I wonder if in say 10 years we will be all "black boxed" by law?


----------



## Hark (Aug 23, 2007)

Some great pieces of kit and I agree with the above post that unfortunately sometimes there might be nothing you can do to avoid a crash.

Having said that if someone brakes and you hit them, then get your cheque book out.

I had two incidents today of people that would have warrantied a camera.

Car sitting behind a slow moving vehicle for some time, next open stretch I indicate and overtake both the car and the vehicle in front. Part me through the overtake, 1st car pulls out to overtake without looking. Car had P plates on. Not had this happen in a long time, but it happened again about 2 hours later!!!

Both people didn't check their mirrors, but as annoyed as I was momentarily, it's an easy mistake to make when overtaking quickly.


----------



## jcf1966 (Jun 9, 2010)

I understand what you are saying mighty, but if you hit some one it is your fault, end of story, and as for an engineers accident then all the camera would show is you driving to close and some one braking and you hitting them, why did They brake a dog ran in front of me, it is down to you to pull back and be able to stop in time all the time.

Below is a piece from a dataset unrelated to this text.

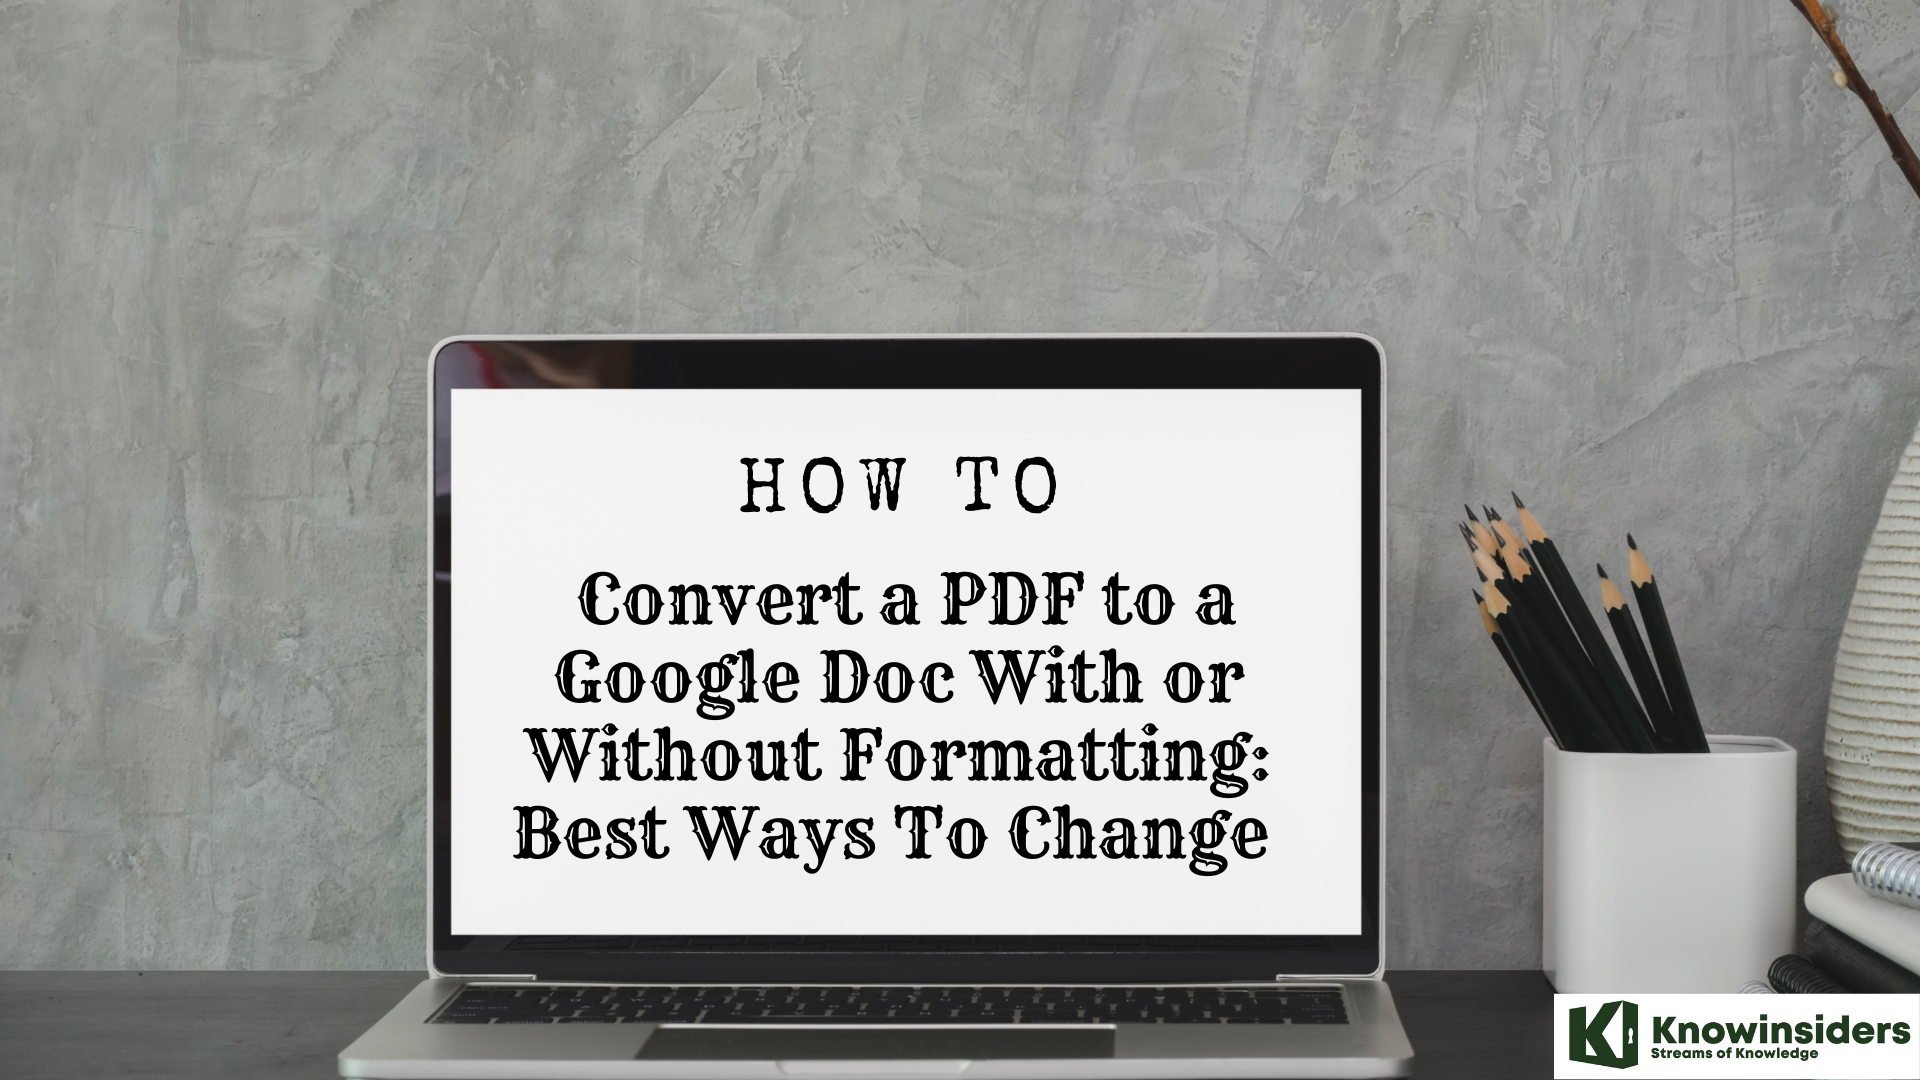 The Simpliest Ways to Convert a PDF to a Google Doc With or Without Formatting

On a personal note I would not want a camera to spoil the cockpit of the TT, good fun for track days or country runs.

Happy driving and keep safe and remember

Safety doesn't happen by accident

And

Accidents don't just happen they are caused


----------



## mighTy Tee (Jul 10, 2002)

jcf1966 said:


> I understand what you are saying mighty, but if you hit some one it is your fault, end of story, and as for an engineers accident then all the camera would show is you driving to close and some one braking and you hitting them, why did They brake a dog ran in front of me, it is down to you to pull back and be able to stop in time all the time.
> 
> On a personal note I would not want a camera to spoil the cockpit of the TT, good fun for track days or country runs.
> 
> ...


That is a great theory above, but real life is different from the theory. With only 8 posts I wonder if you are trolling for an argument, or just have a superior and unrealistic attitude to life?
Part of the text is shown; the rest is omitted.